● **Provided material**:
_ _ _ _ _

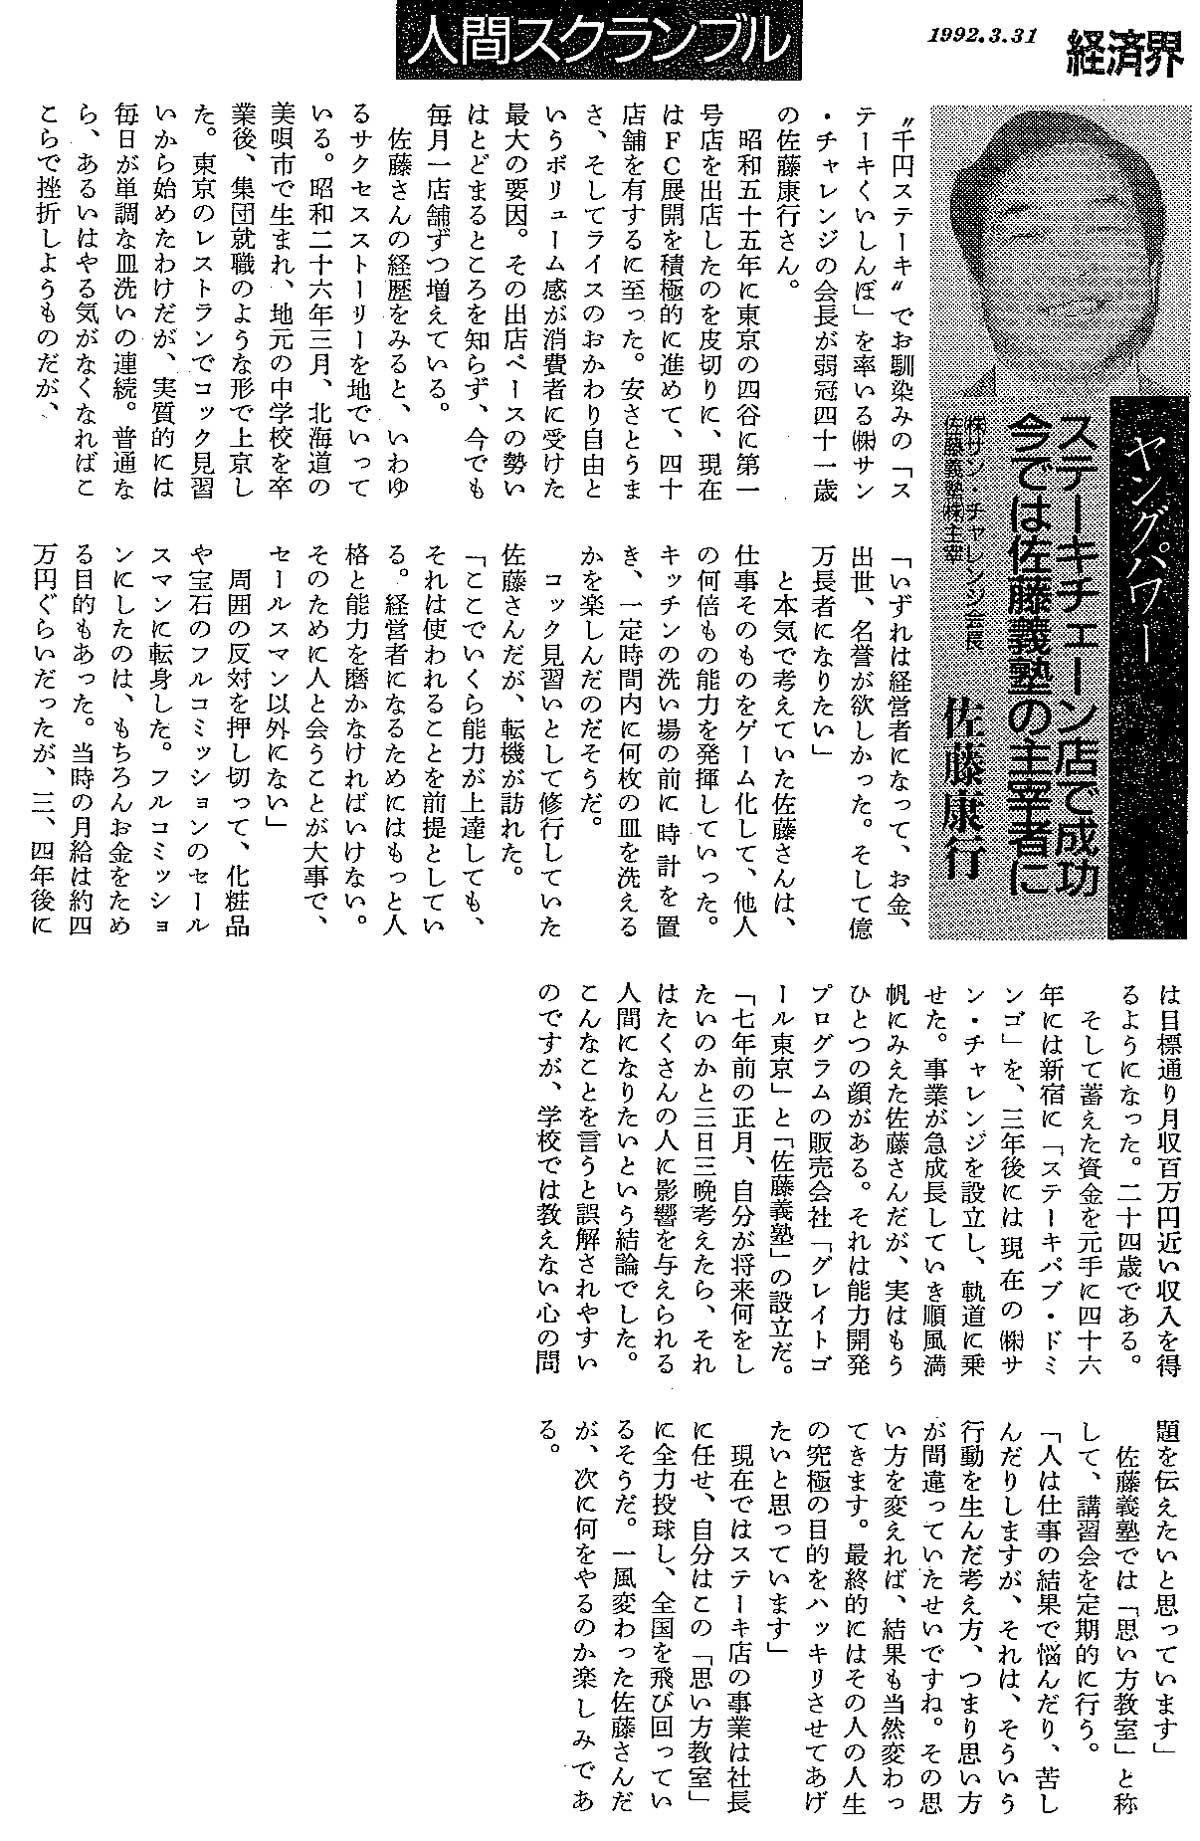 【経済界「人間スクランブル」】(1992年3月31日)に掲載
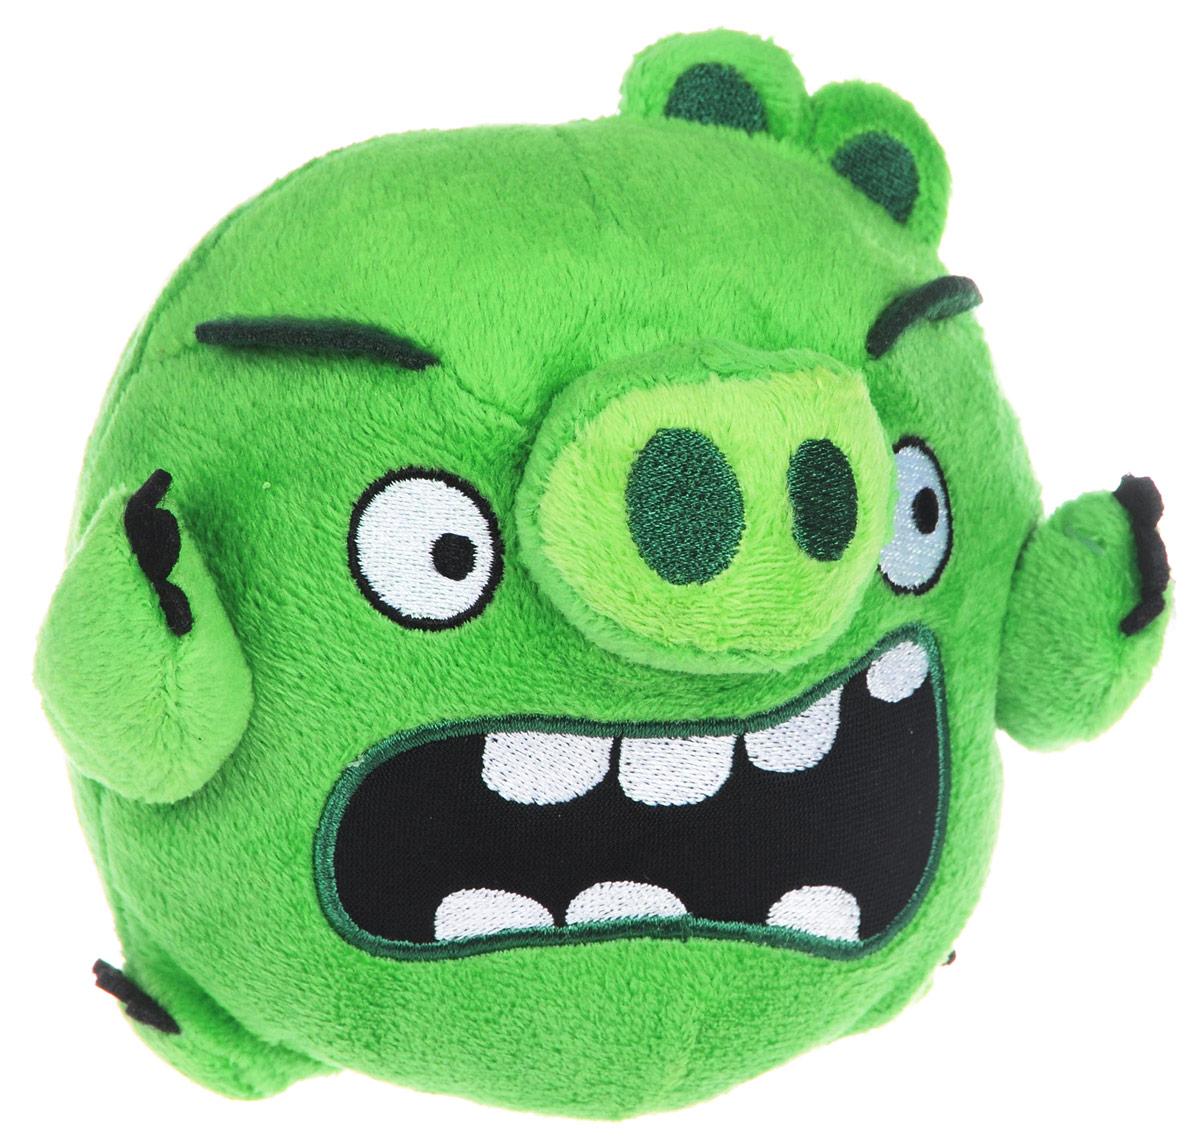 Angry Birds Мягкая игрушка Свинья 13 см90513_зелёныйAngry Birds - одна из самых популярных игр на мобильных устройствах. Яркие и запоминающиеся персонажи этой аркады уже давно полюбились многочисленным фанатам. Невероятно приятная на ощупь игрушка выполнена в виде главного злодея и отрицательного персонажа игры - зеленой свинки. Игрушка выполнена из качественных и безопасных материалов. Свинка обязательно порадует вас и вашего малыша.
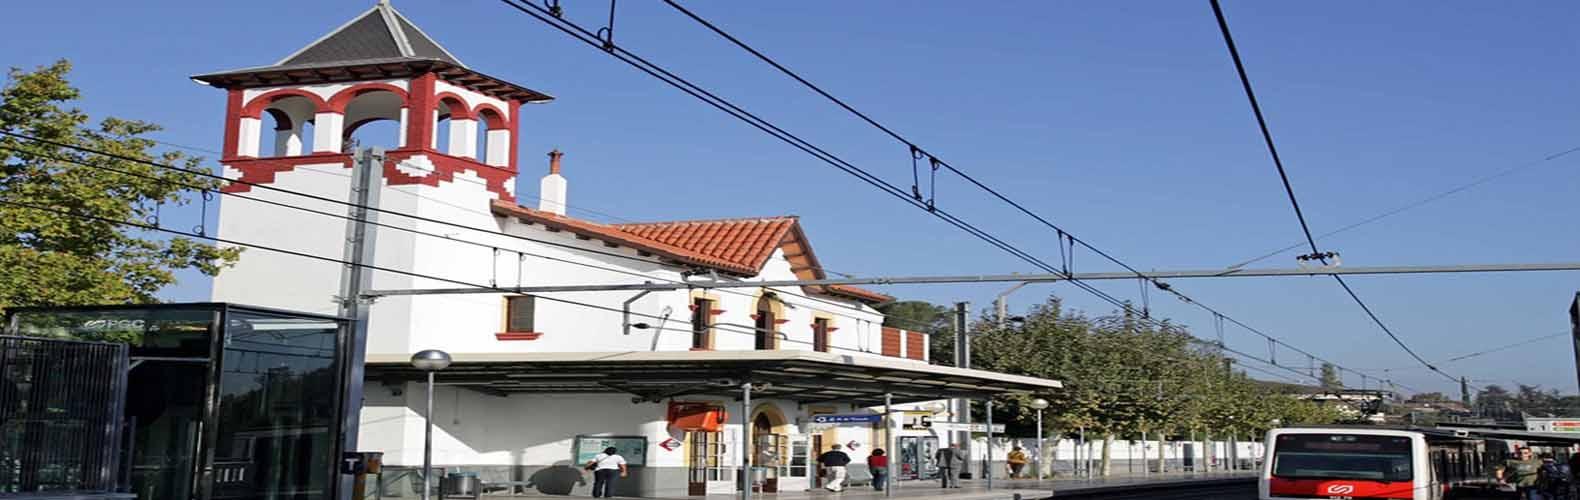 Villa en venta y alquiler en Valldoreix
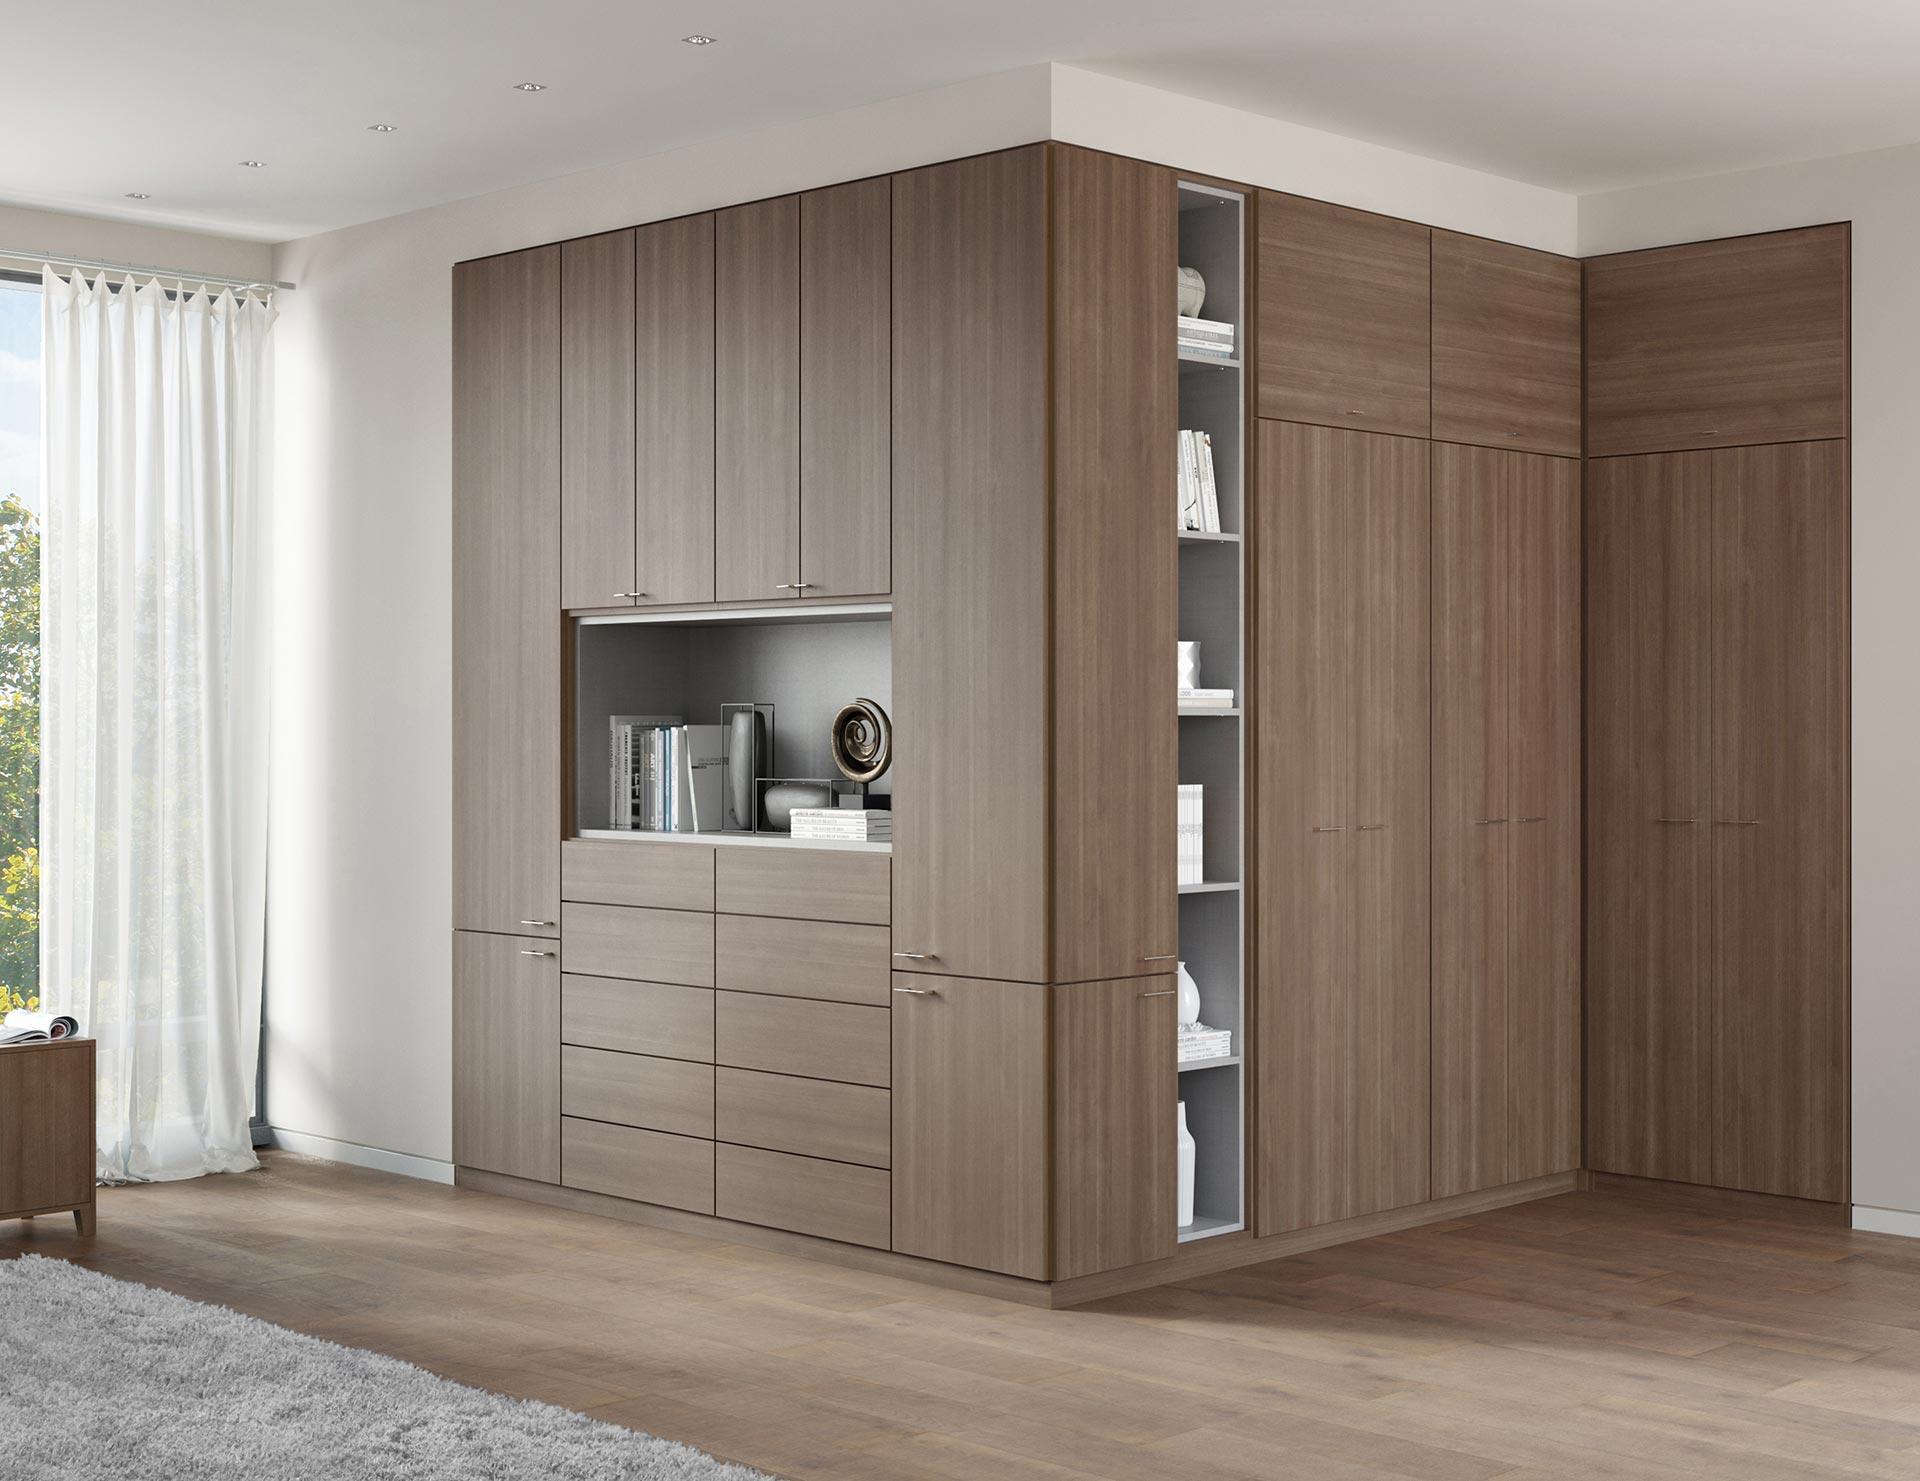 Wardrobe Closet soho built-in wardrobe closet WIAKOLD

_ _ _ _ _

Write the listing above out again exactly, dropping each image.

 【経済界「人間スクランブル」】(1992年3月31日)に掲載
 Angry Birds Мягкая игрушка Свинья 13 см90513_зелёныйAngry Birds - одна из самых популярных игр на мобильных устройствах. Яркие и запоминающиеся персонажи этой аркады уже давно полюбились многочисленным фанатам. Невероятно приятная на ощупь игрушка выполнена в виде главного злодея и отрицательного персонажа игры - зеленой свинки. Игрушка выполнена из качественных и безопасных материалов. Свинка обязательно порадует вас и вашего малыша.
 Villa en venta y alquiler en Valldoreix
 Wardrobe Closet soho built-in wardrobe closet WIAKOLD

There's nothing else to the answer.